Different resorts have different policies and different ammenities. As long as they are explained in print or on the phone before you agree to the trade, you should have no regrets. And if you don't like them, don't make the exchange.


----------



## Caladezi

ladycody said:


> Which, for many WM owners anyway...is the way most exchanges are made.  Because of the way most of our exchanges (called confirm first) are handled...we do not see available units online but deal with RCI on the phone.  To have the info available for _all_ exchangers...the info needs to be on the resort page...listed in the same way the all-inclusive requirements are if surprises are to be avoided.



It would seem to me that this is a problem that you have to take up with RCI, not ding Morritts for charging the fee.  Better yet, if you own in a resort that includes the electric/utility fees in your maintenance fee, just change your by-laws, reduce your maintenance fees, and charge the electric/utility fees for the actual use when you stay at the resort.  That way nobody gets a free ride and you will not pay for something that you don't use.


----------



## ralphd

ladycody said:


> Which, for many WM owners anyway...is the way most exchanges are made.  Because of the way most of our exchanges (called confirm first) are handled...we do not see available units online but deal with RCI on the phone.  To have the info available for _all_ exchangers...the info needs to be on the resort page...listed in the same way the all-inclusive requirements are if surprises are to be avoided.



RCI is supposed to inform the exchanger of any additional charges, conditions or inconveniences when you book the reservation. Are you saying from experience, that you made an exchange and they did not inform you of a charge?


----------



## ladycody

> But tell me, why do I have to pay extra for daily maid service (if it is even available) when my home resort offers it for free?
> 
> Why doesn't the resort I traded into have a pool and jacuzzi when my home resort does?
> 
> Why does the resort I traded into charge for use of the lighted tennis courts, but that is also complimentary at my home resort.
> 
> Different resorts have different policies and different ammenities.



I guess I just dont consider lights in my condo or heat or electricity, in general, to be an _amenity_.  I can even see charging to have AC turned on...since that is frequently a matter of comfort...not necessity.  

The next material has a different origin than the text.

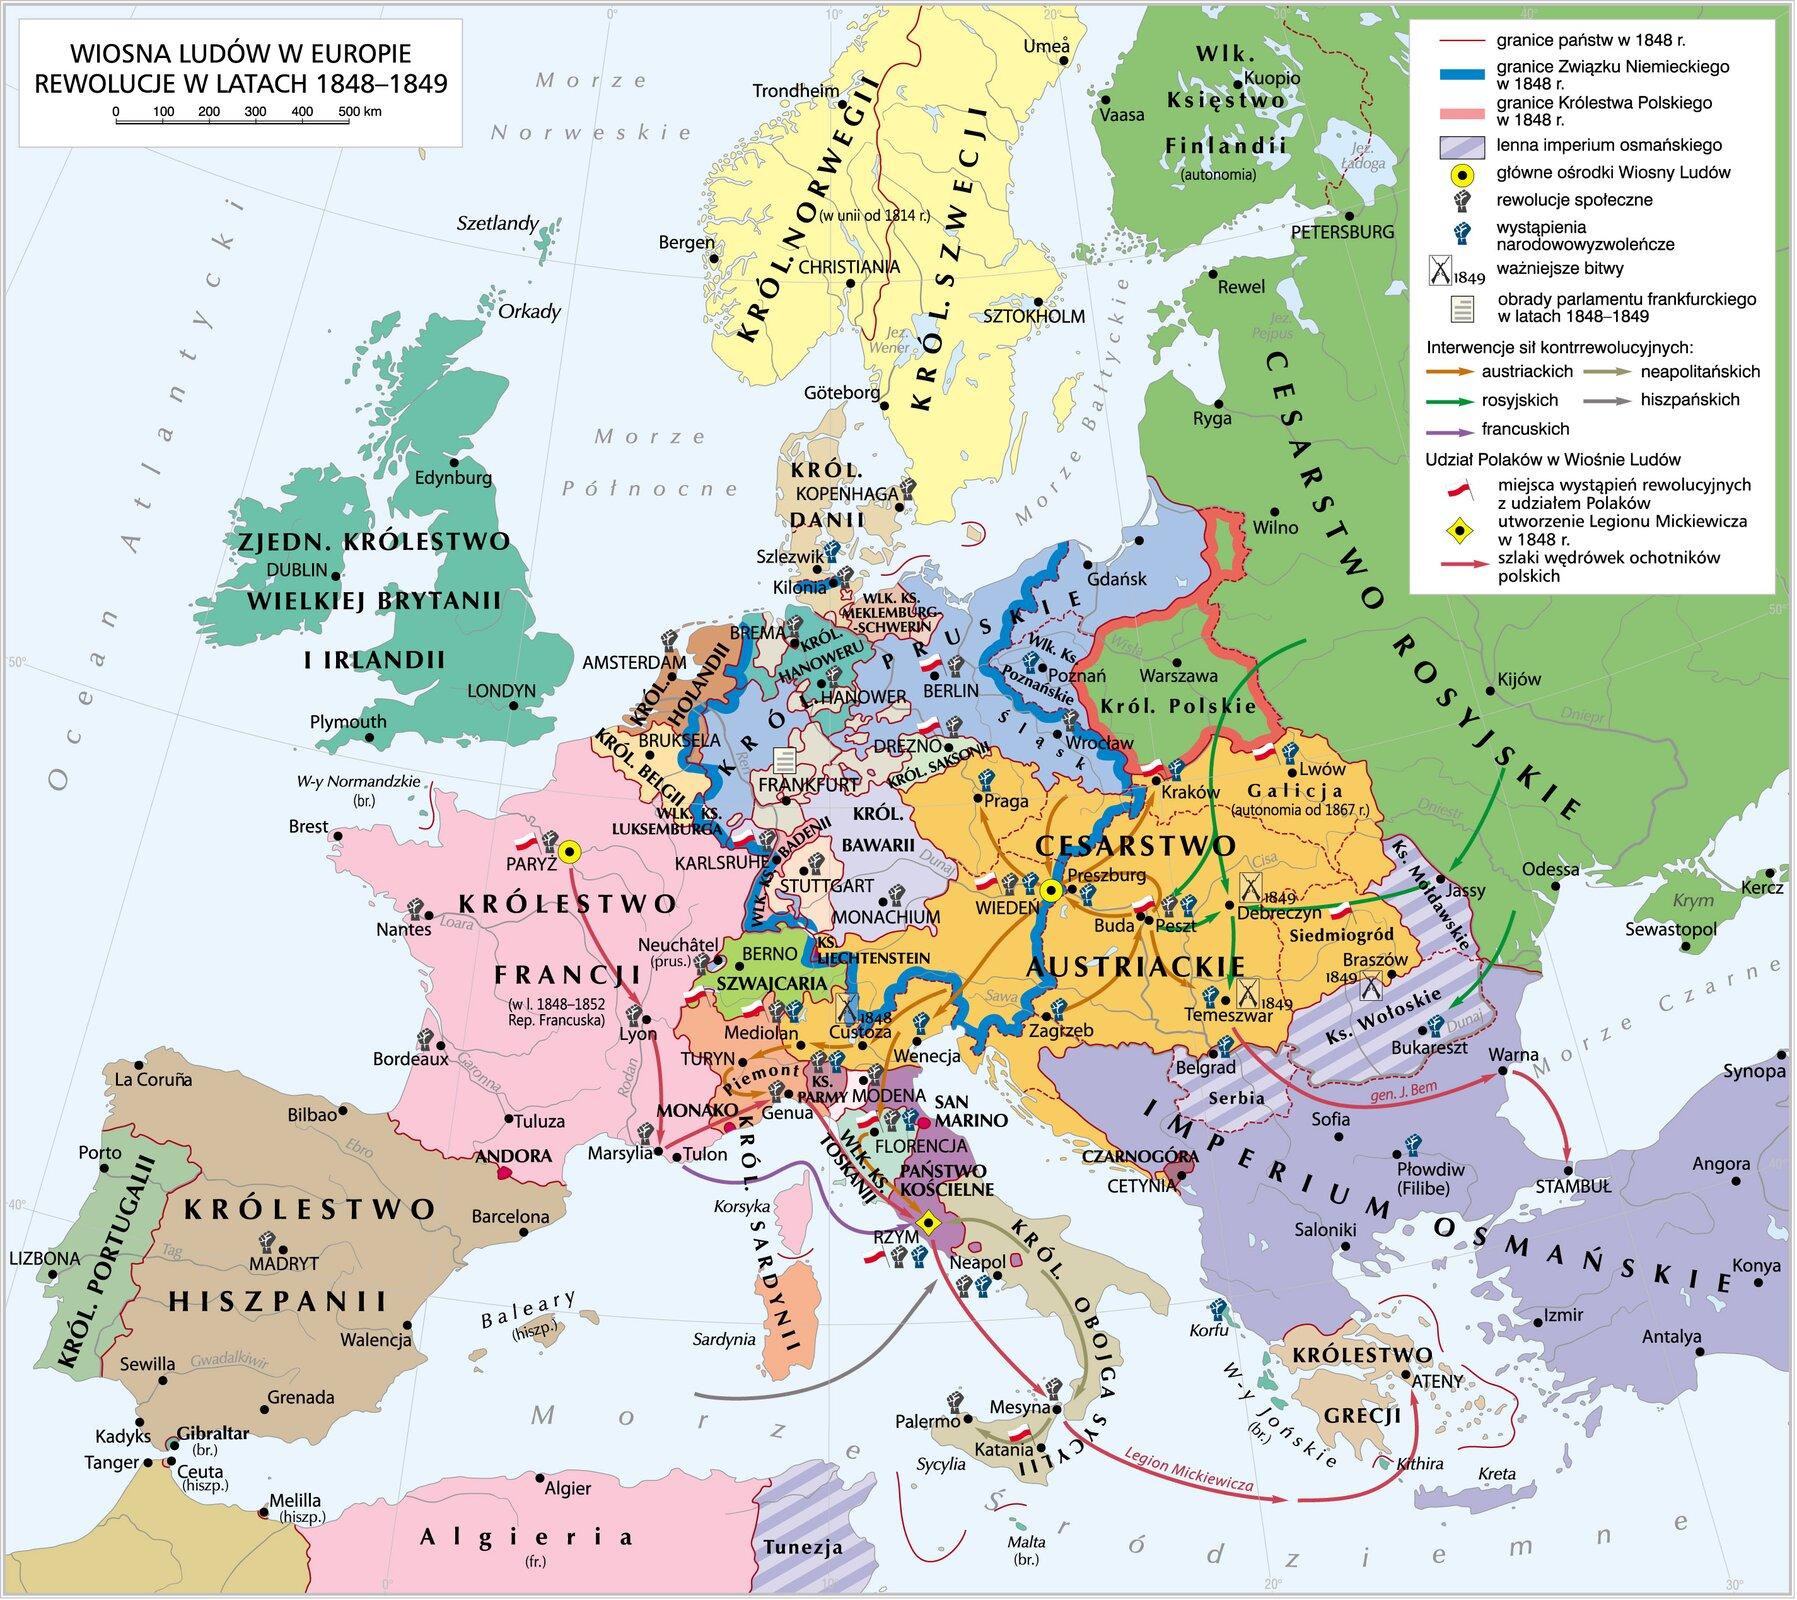 Wiosna Ludów wEuropie. Rewolucje 1848-1849 Źródło: Krystian Chariza izespół, Wiosna Ludów wEuropie. Rewolucje 1848-1849, licencja: CC BY-SA 3.0.

Some of my resorts offer year round heated pools...others do not.  Some offer fitness facilities...others do not.  They _all _include lights by which I can read a book and enough electricity to fry an egg or take a hot shower.   

Again...I would likely not trade into a resort that charges such high fees _simply_ because it's not in _my _budget..._and I'm ok with the fact that I cant afford it._  I just think I should be _notified_ of it and would be upset if it came as a surprise.  Since it is a mandatory fee generated by the resort itself, and is not standard throughout the TS community...my only point is that it should be listed on the resort page...just as the mandatory all-inclusive fees are.  If I cant use a particular pool or get maid service without paying a fee...that's fine...I still have a usable condo.  This particular fee makes check-in (and taking your vacation) a non-option unless you pay it...just as the mandatory all-inclusive fees do.


----------



## ladycody

> Are you saying from experience, that you made an exchange and they did not inform you of a charge?



No... I'm saying that I could conceivably put in a search and waste a ton of time waiting for a match to a property that I would likely not want to accept once I was made aware of the fees.  The same would happen if all-inclusive resorts werent listed as such in the resort descriptions.  Based on reviews and pictures alone...I might choose to try and get into one...only to find out when I got a match that it was all-inclusive.  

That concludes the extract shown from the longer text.